IEEE J Biomed Health Inform. 2021 Sep;25(9):3373-3383. doi: 10.1109/JBHI.2021.3066885. Epub 2021 Sep 3.
The ballistocardiogram (BCG), a cardiac vibration signal, has been widely investigated for continuous monitoring of heart rate (HR). Among BCG sensing modalities, a hospital bed with multi-channel load-cells could provide robust HR estimation in hospital setups. In this work, we present a novel array processing technique to improve the existing HR estimation algorithm by optimizing the fusion of information from multiple channels. The array processing includes a Gaussian curve to weight the joint probability according to the reference value obtained from the previous inter-beat-interval (IBI) estimations. Additionally, the probability density functions were selected and combined according to their reliability measured by q-values. We demonstrate that this array processing significantly reduces the HR estimation error compared to state-of-the-art multi-channel heartbeat detection algorithms in the existing literature. In the best case, the average mean absolute error (MAE) of 1.76 bpm in the supine position was achieved compared to 2.68 bpm and 1.91 bpm for two state-of-the-art methods from the existing literature. Moreover, the lowest error was found in the supine posture (1.76 bpm) and the highest in the lateral posture (3.03 bpm), thus elucidating the postural effects on HR estimation. The IBI estimation capability was also evaluated, with a MAE of 16.66 ms and confidence interval (95%) of 38.98 ms. The results demonstrate that improved HR estimation can be obtained for a bed-based BCG system with the multi-channel data acquisition and processing approach described in this work.

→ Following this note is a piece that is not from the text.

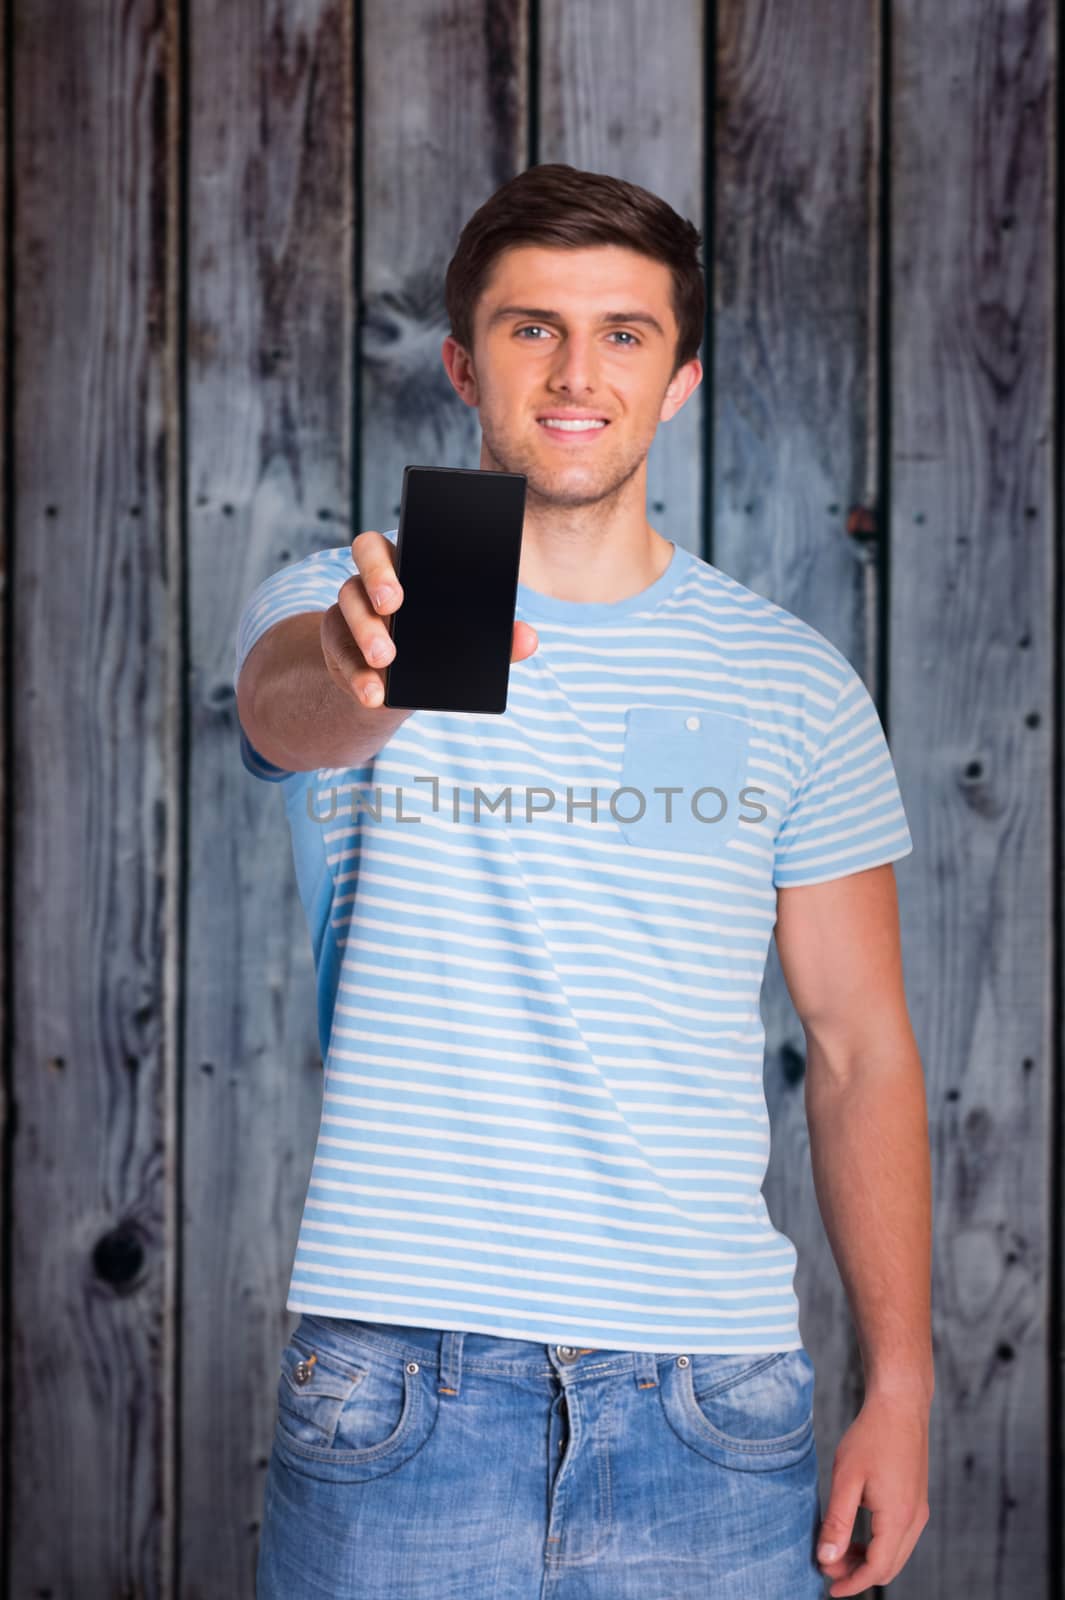 Young man showing phone to camera against grey wooden planks

心冲击图(BCG)是一种心脏振动信号,已被广泛研究用于连续监测心率(HR)。在 BCG 传感方式中,带有多通道称重传感器的病床可以在医院环境中提供稳健的 HR 估计。在这项工作中,我们提出了一种新颖的阵列处理技术,通过优化来自多个通道的信息融合来改进现有的 HR 估计算法。该阵列处理包括一个高斯曲线,根据前一个心动间隔(IBI)估计中获得的参考值来加权联合概率。此外,根据 q 值测量的可靠性选择和组合了概率密度函数。我们证明,与现有文献中的多通道心跳检测算法相比,该阵列处理技术显著降低了 HR 估计误差。在仰卧位的最佳情况下,与现有文献中的两种最先进方法相比,平均绝对误差(MAE)达到 1.76 bpm,分别为 2.68 bpm 和 1.91 bpm。此外,在仰卧位(1.76 bpm)发现的误差最低,在侧卧位(3.03 bpm)发现的误差最高,从而阐明了体位对 HR 估计的影响。还评估了 IBI 估计能力,平均绝对误差(MAE)为 16.66 ms,置信区间(95%)为 38.98 ms。结果表明,通过本文描述的多通道数据采集和处理方法,可以为基于病床的 BCG 系统获得改进的 HR 估计。